# [Provided material]
== Segment start ==

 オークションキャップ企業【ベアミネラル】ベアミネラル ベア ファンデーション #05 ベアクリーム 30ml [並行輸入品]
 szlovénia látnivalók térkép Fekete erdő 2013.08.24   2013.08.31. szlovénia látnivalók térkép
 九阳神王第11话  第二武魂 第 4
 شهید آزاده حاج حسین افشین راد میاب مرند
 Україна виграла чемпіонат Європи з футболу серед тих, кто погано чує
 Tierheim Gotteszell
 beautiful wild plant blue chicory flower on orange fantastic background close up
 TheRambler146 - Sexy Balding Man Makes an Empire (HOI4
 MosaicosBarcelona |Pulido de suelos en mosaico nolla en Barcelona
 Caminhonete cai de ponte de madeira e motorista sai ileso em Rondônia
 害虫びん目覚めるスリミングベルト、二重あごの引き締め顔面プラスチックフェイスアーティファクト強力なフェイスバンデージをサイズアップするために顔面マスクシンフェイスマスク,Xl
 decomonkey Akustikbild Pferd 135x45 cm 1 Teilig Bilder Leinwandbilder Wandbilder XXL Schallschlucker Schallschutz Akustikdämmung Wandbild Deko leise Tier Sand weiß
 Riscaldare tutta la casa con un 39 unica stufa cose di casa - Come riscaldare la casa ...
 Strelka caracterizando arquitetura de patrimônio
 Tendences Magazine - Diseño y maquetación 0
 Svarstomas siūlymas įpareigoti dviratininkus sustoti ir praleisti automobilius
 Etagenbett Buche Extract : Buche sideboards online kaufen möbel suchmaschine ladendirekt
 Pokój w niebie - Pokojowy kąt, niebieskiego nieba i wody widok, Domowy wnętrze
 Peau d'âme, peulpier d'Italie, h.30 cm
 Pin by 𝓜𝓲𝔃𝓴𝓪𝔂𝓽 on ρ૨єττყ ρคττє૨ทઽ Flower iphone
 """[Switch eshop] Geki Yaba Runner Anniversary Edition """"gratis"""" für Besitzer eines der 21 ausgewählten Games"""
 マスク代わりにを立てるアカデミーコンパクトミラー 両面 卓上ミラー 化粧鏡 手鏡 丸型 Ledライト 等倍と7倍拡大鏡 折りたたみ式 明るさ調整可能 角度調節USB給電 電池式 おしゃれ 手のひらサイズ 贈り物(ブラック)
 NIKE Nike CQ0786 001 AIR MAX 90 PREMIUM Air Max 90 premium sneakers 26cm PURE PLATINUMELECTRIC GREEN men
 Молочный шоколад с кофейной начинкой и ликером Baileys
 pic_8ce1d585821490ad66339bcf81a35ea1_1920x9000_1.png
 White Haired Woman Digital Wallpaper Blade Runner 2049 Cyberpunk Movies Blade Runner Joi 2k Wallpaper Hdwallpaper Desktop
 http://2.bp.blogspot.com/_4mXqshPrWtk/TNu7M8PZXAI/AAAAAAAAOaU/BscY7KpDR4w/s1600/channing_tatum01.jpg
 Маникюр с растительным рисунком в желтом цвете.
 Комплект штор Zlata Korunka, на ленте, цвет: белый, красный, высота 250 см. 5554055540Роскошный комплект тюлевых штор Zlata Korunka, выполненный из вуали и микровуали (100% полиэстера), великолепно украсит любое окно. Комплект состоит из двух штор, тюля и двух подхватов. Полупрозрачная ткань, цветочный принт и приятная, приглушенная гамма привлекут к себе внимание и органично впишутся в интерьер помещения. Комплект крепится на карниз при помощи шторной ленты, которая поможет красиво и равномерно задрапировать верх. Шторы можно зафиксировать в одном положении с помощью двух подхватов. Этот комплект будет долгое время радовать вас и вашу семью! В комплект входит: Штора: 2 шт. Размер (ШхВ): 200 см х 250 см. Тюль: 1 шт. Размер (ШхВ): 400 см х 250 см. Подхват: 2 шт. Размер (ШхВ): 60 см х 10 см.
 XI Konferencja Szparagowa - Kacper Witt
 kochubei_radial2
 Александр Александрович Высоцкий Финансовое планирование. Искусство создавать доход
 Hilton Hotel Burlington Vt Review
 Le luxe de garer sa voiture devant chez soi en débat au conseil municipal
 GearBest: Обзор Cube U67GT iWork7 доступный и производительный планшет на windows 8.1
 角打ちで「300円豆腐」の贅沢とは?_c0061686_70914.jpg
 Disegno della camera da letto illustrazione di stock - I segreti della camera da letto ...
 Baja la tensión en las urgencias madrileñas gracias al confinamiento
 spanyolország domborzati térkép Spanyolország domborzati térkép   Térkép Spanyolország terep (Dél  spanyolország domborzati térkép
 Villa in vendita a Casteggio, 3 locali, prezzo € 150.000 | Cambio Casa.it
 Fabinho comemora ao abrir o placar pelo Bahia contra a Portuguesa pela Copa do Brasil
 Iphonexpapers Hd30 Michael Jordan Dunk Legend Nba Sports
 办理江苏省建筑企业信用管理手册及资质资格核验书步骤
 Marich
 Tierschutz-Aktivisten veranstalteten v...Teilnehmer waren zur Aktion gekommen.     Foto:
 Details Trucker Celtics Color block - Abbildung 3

== Segment end ==

# [Your instructions]
Filter the entries above and return only the lines holding "térkép".

# [Response box]
 szlovénia látnivalók térkép Fekete erdő 2013.08.24   2013.08.31. szlovénia látnivalók térkép
 spanyolország domborzati térkép Spanyolország domborzati térkép   Térkép Spanyolország terep (Dél  spanyolország domborzati térkép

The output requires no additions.